The easiest way to play with JTAG devices is to use an Arduino, combined with an levelshifter (if not on the same voltage). Place a bit on the TDI of a device and clock it into using TCK. Then watch what you get from TDO. At reset, the JTAG standard requires the device to place it's JTAG-ID into the shift register, which is the instruction register (IR) and connect this register to TDI and TDO. So what you "clock out" (regardless of if you clock in anything) is the ID of the device, or if there are more in a chain, the IDs of all devices. You only need to know how many Bits the internal register uses. If not, there are some methods to estimate the size of the register. One is to clock in many zeros (e.g hundret or more), just to be shure the register is flooded. Then clock ones until you see the first one on the TDO. The number of clocks it uses is the length of the IR. Simple, eh?

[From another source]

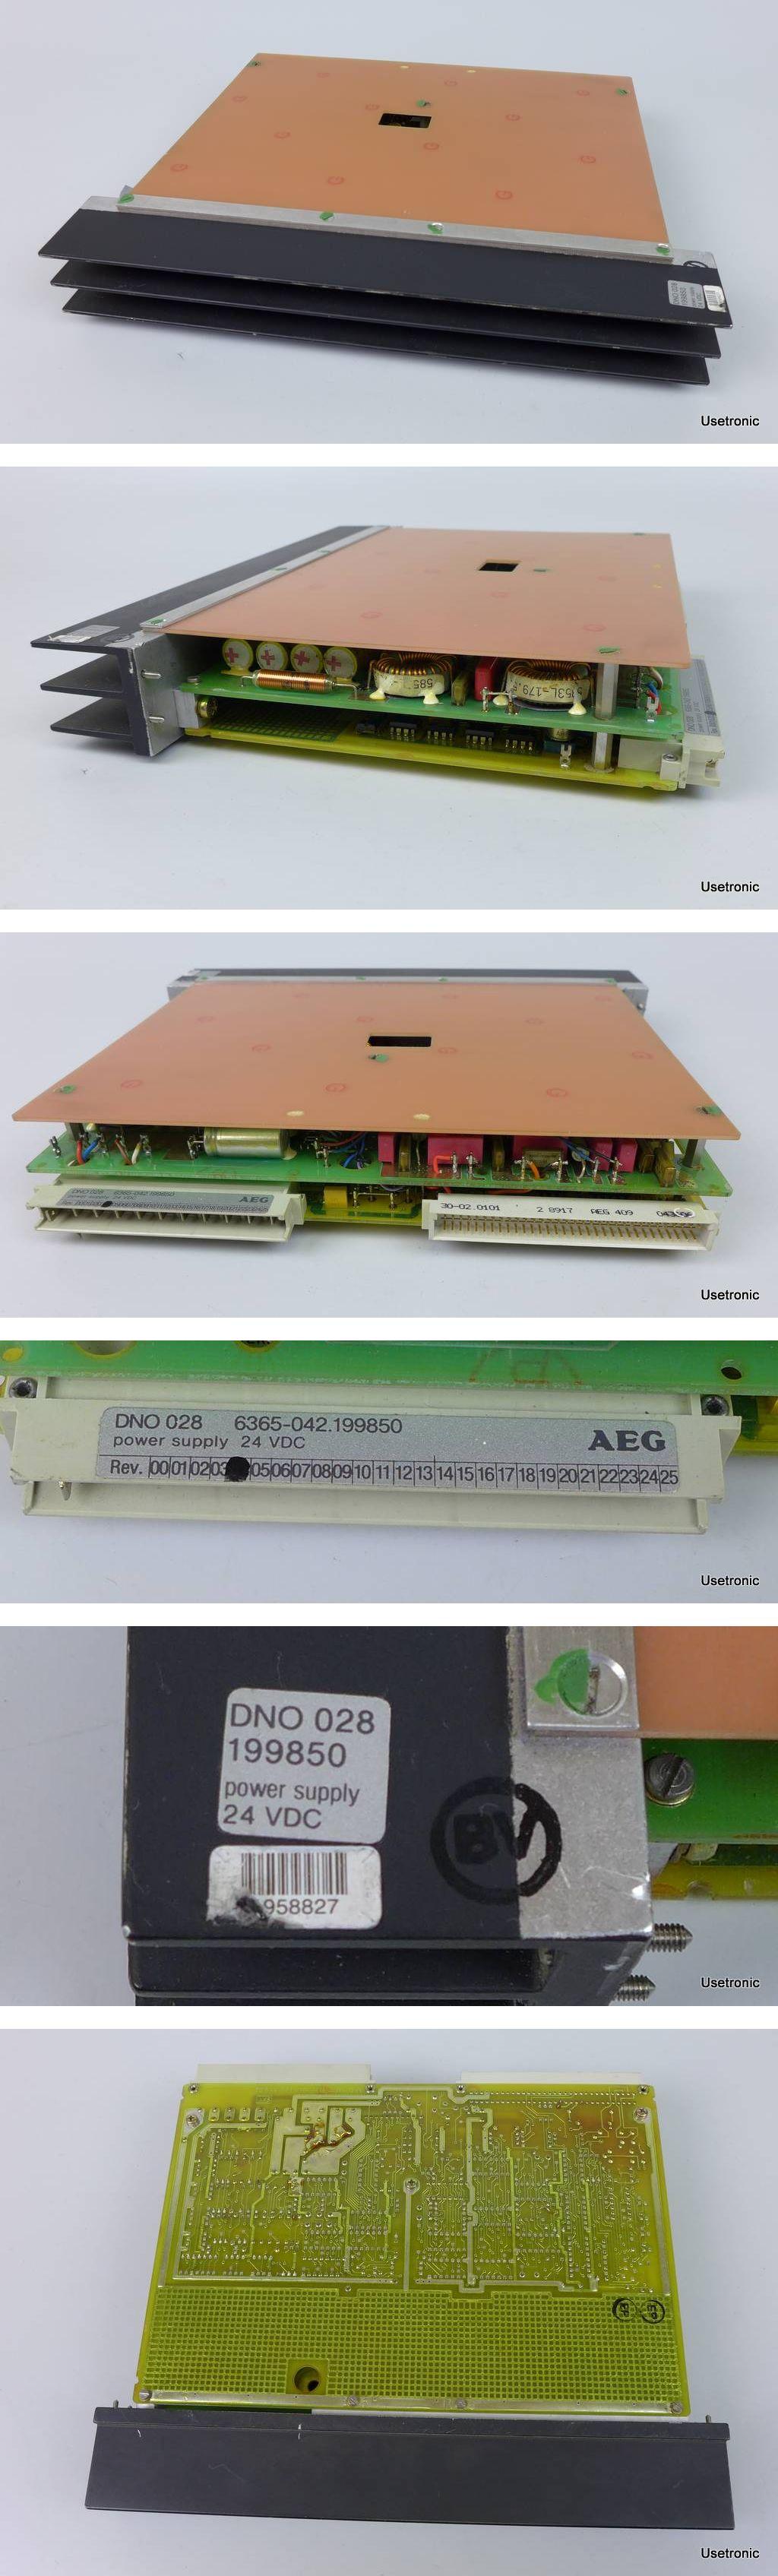 AEG DNO 028 6365-042.199850
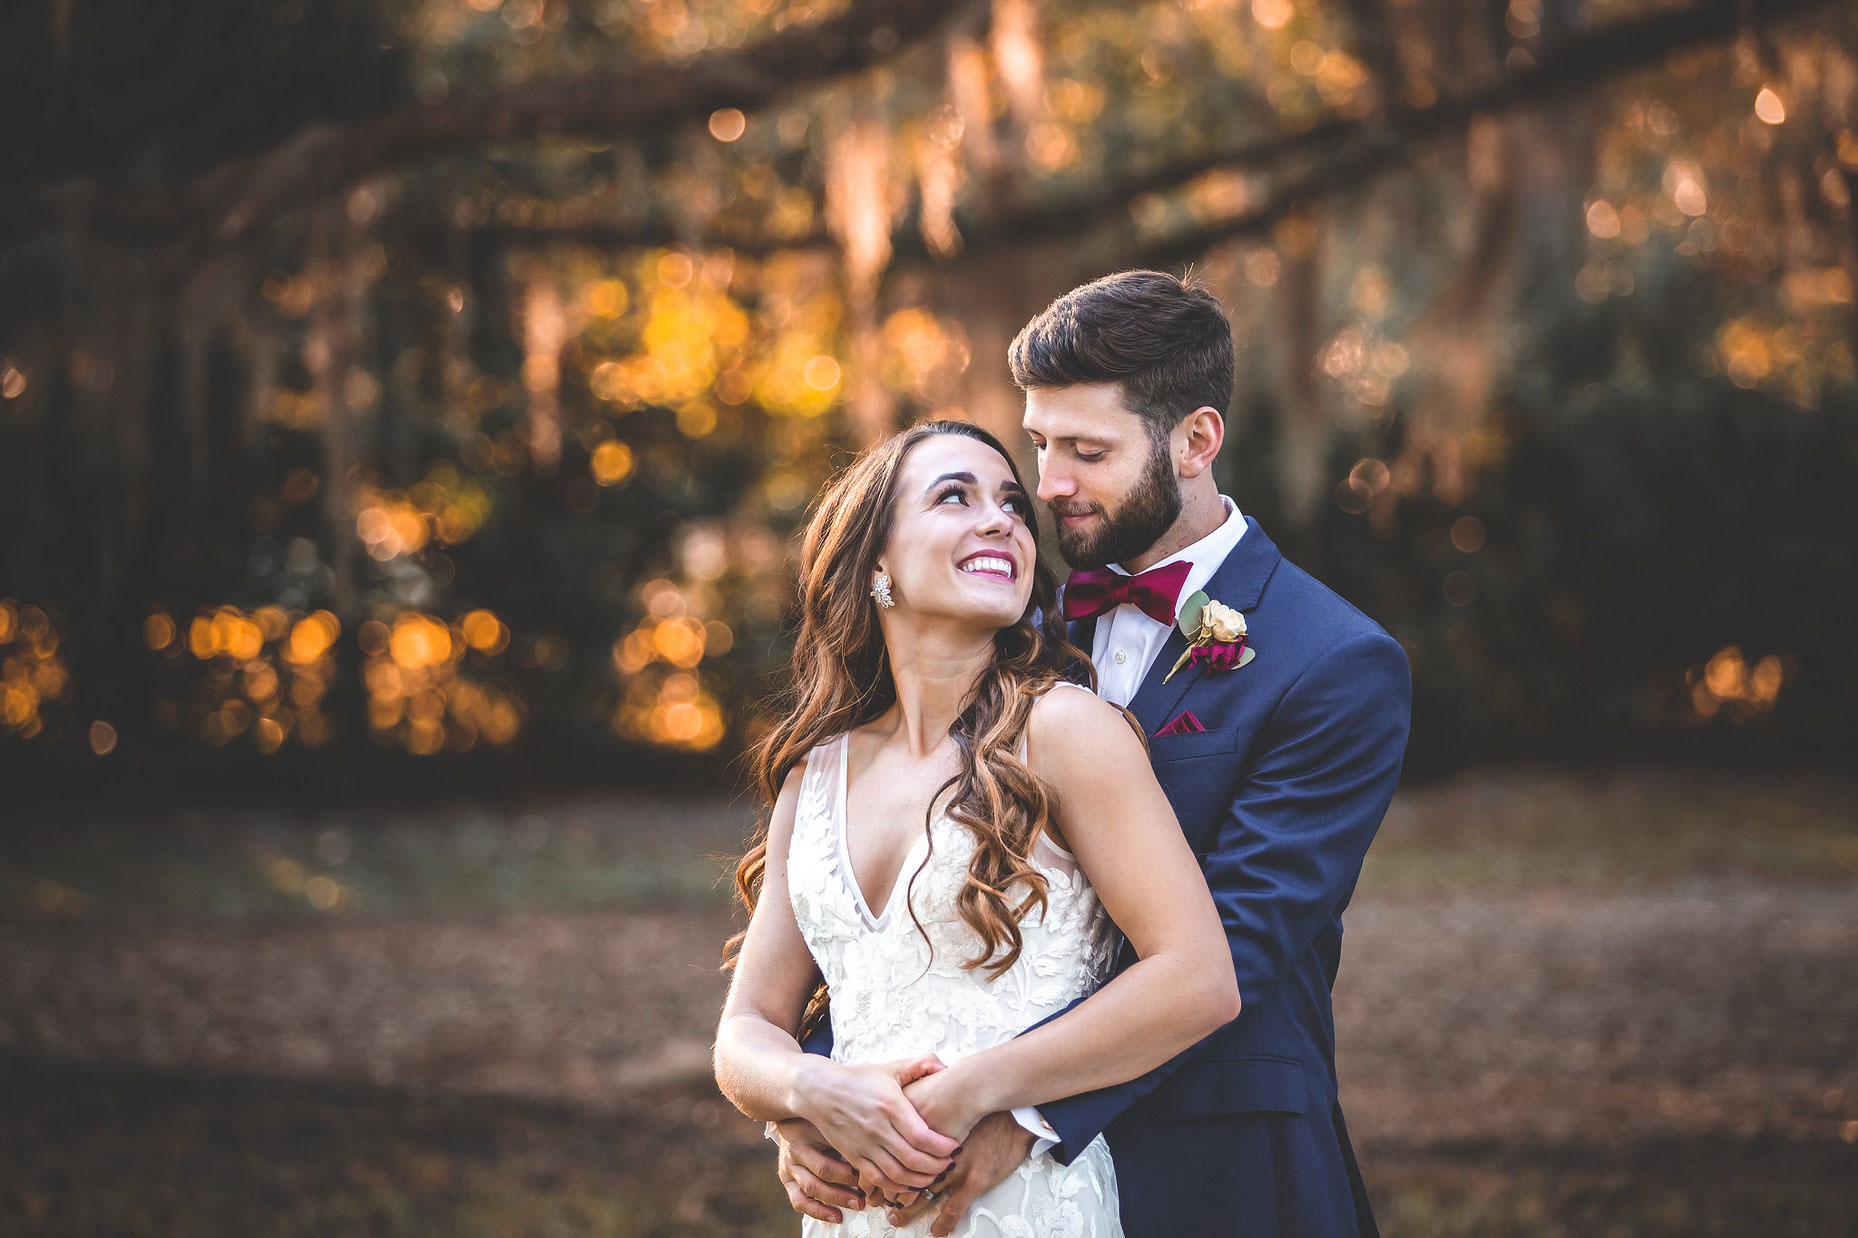 adam-szarmack-bowing-oaks-wedding-photographer-jacksonville-100.jpg

![Wink ;-)](./images/smilies/icon_e_wink.gif)
The JTAG port of the device (called TAP, Test-Access-Port) provide two other signals, TMS and /TRST. With /TRST you can reset the TAP to it's initial state. This does not influence the Chip the JTAG-TAP is used, to do anything, it's only for the JTAG part. On TMS you can change the state of the internal statemachine (SM), which controls what the JTAG controller do next. For now, we just keep this signal high (1).
JTAG only enforces a few commands (instructions) to be known by every JTAG-enabled device. Over this, there could exist many many vendor specific commands. We will discuss this later.
First, build a small hardware you could controll from your PC interactively to play around with a JTAG device, e.g the OMAP-processor on the Radio mainboard or the Cyclone FPGA on the graphicsboard. But any other will do also. You just need to know which voltage level it uses (to not kill it) and where to connect which pin to. You can do this with your Segger J-Link commander software also, if you are not willing to create an own tool. It provides low-level commands to control the signals directly. But with a selfmade solution it's still more fun!
![Wink ;-)](./images/smilies/icon_e_wink.gif)
Then try to clock and look what you get out. Convert this to a hex number and do a lookup in the JTAG-ID database: http://bsdl.info/
Don't worry if you do not find your device here. There are many devices not registered anywhere (vendor specific).